Hazel, “Tut” Barlowe joined a Book Club in the 1950s and monthly meetings included a meal prepared by the host. One woman was famous for her green bean casserole and despite requests from other members, she refused to divulge her “secret” recipe. The other members discussed the dish and after numerous attempts to recreate it, Tut finally came up with a satisfactory recipe. In honor of GrandMom Tut’s memory, we include the not-so-secret casserole recipe as part of our annual Thanksgiving celebration. The dish is extra special when we use White Mountain Half-Runner beans that grow in our garden from seed passed through my family for at least seven generations.

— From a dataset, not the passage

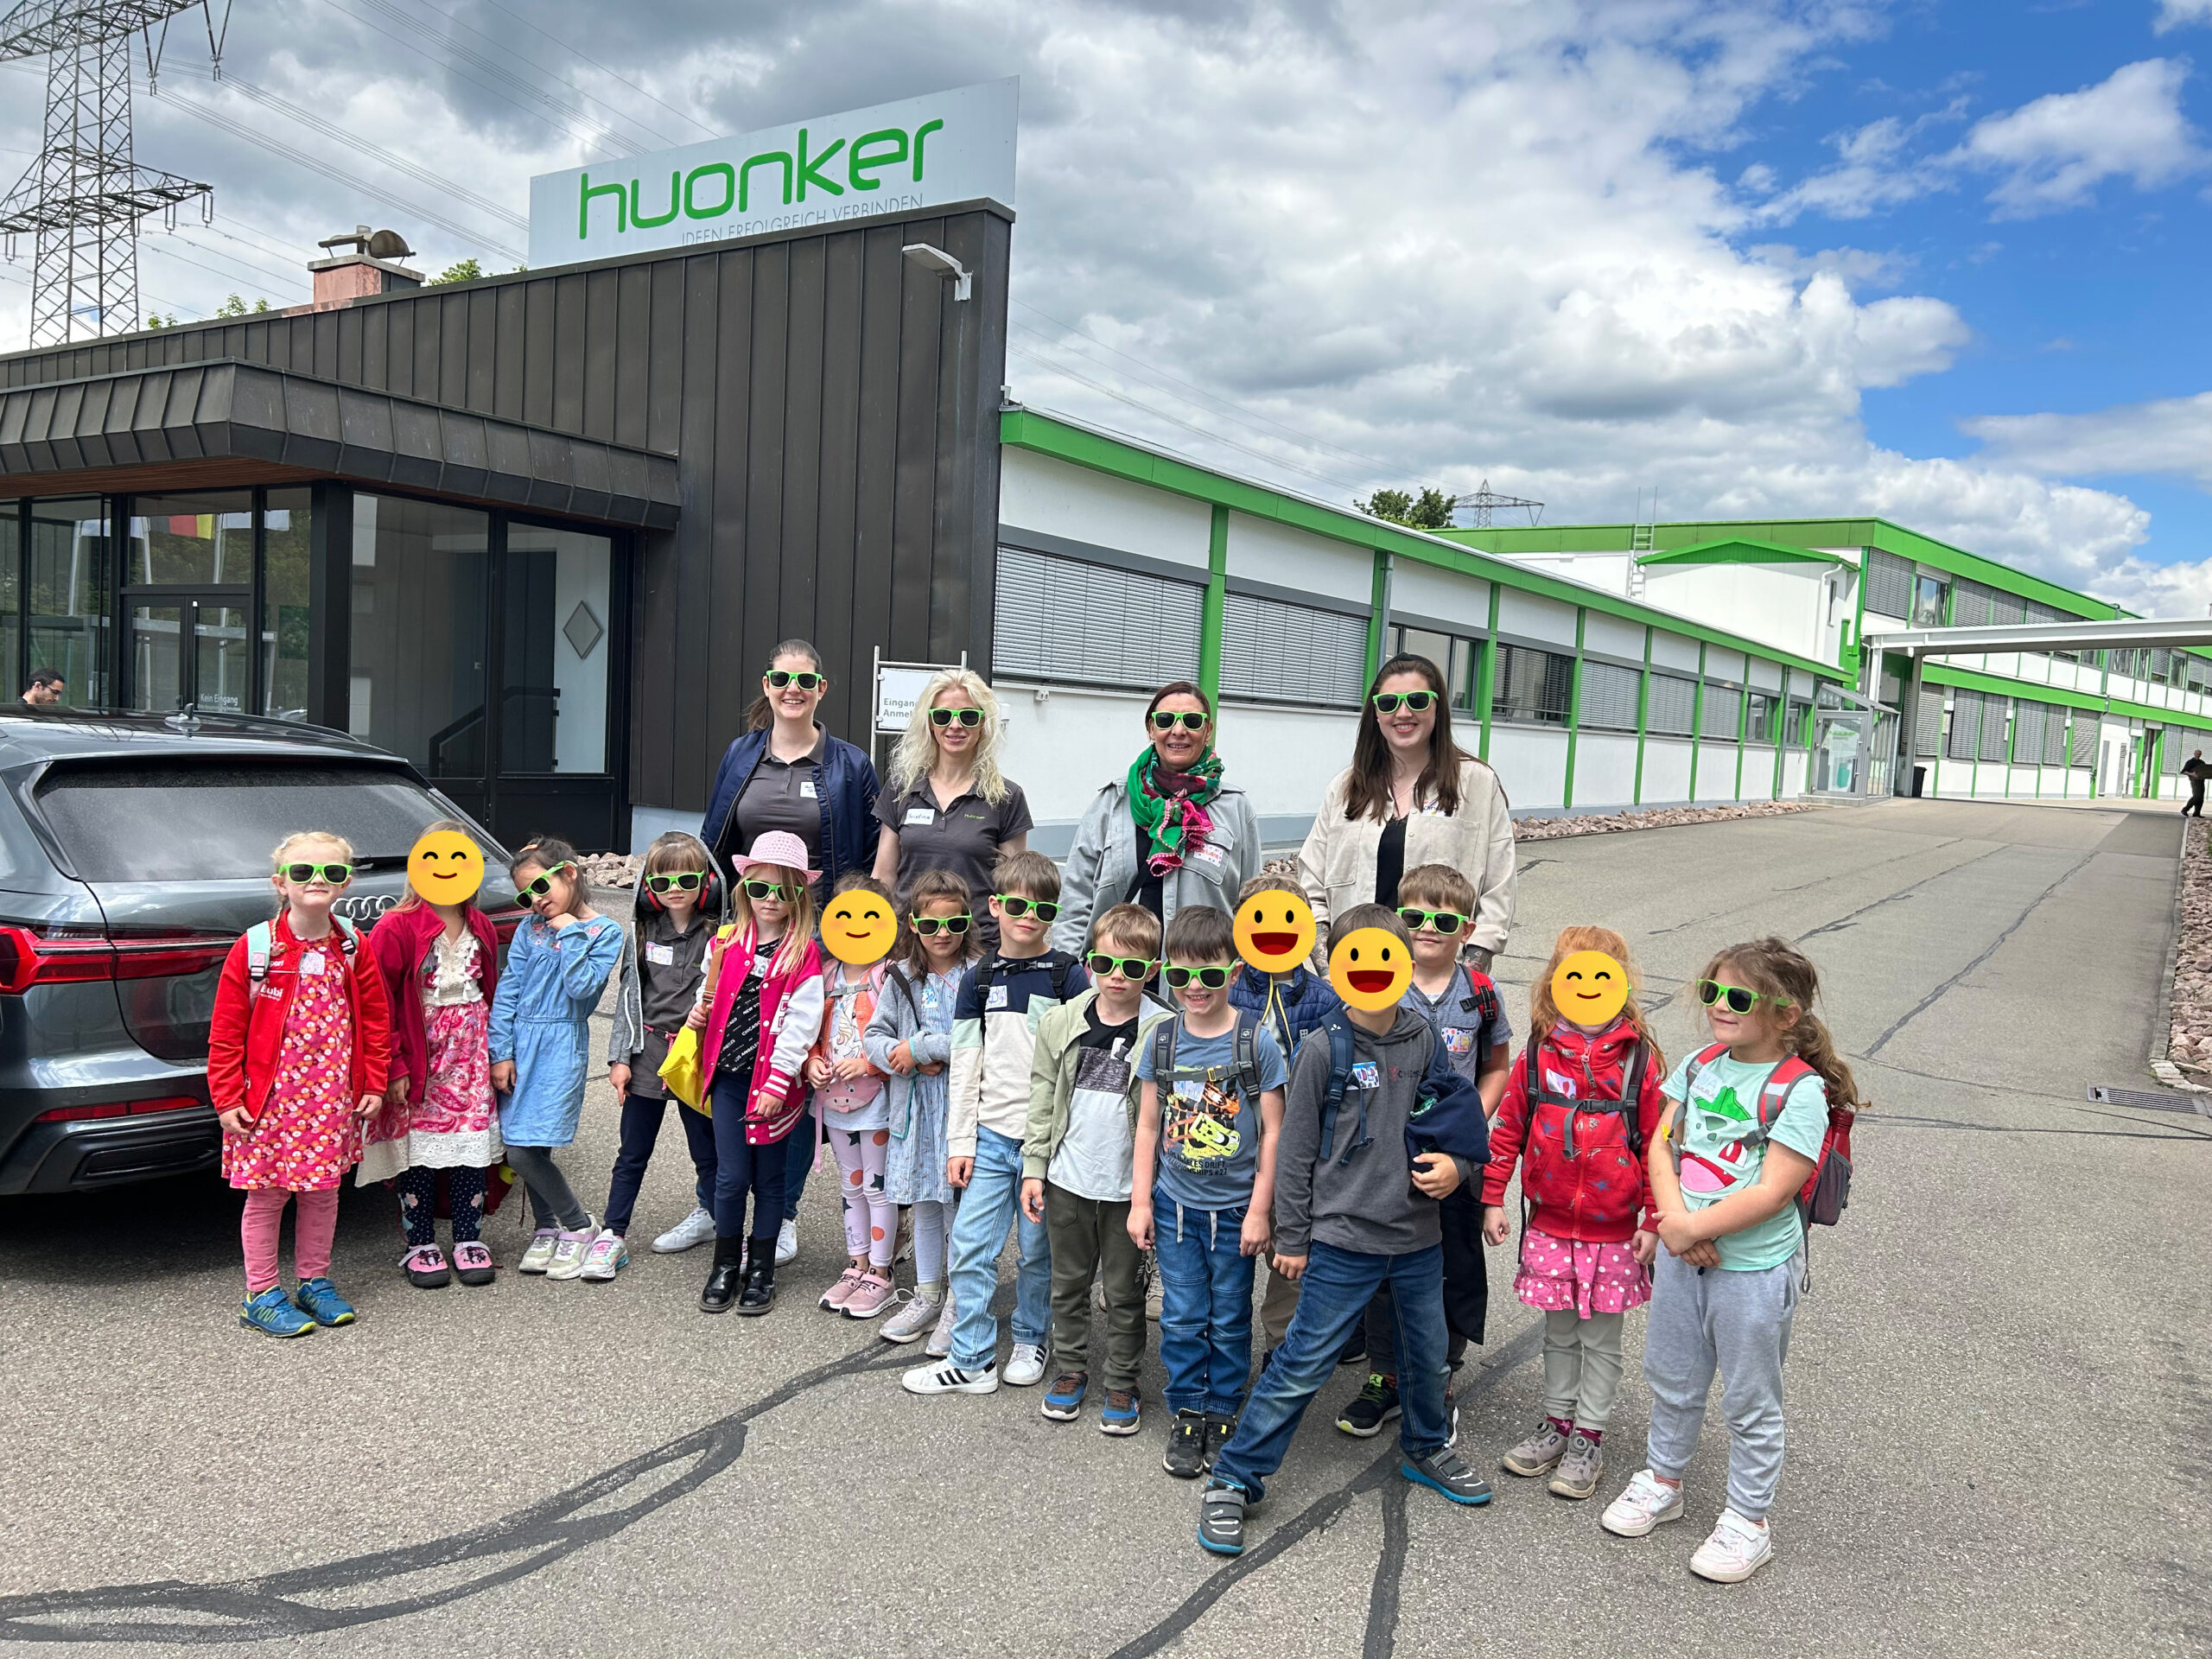 Mit der Rakete auf Exkursion zur Huonker GmbH nach Marbach” – das war das gestrige Motto beim Besuch der Maxis aus dem Kindergarten in Pfaffenweiler 🚀

These beans came to the United States with my German immigrant ancestor, Mary Schmidt, who married William Bean. Born in 1812 and called Polly by family and friends, the young woman probably received seeds from her mother, in hopes she would plant them to grow food for a future family. Heirloom seeds traditionally passed through maternal family lines and when Gracelyn and Clark recently moved to Oregon, I prepared a collection of family seeds for Gracelyn to plant in their new home. It will be interesting to see how the family beans grow in the Pacific Northwest after thriving in the same geographical region of North Carolina for almost two hundred years. Hopefully, they will like their new home, but often, a gardener must practice patience and persistence to adapt immigrant plants to a new growing environment. Such was my experience with Ted’s beans.



I first met Ted Hoilman in 2013 when our mutual friend, Kim Barnhardt, took me to his garden, a magical place nestled in the shadow of his beloved Big Yellow mountain. Ted’s family, multi-generational residents of this rural area, passed saved heirloom seeds to Ted and his garden reflects the mountaineering spirit of his ancestors. After a warm greeting, Ted, a spry septuagenarian with an engaging smile, eagerly led us through rows of thriving plants. As we strolled along, admiring vines that climbed strong stakes and colorful blossoms that attracted a variety of pollinators, Ted talked about his love for the mountain that towers above his home.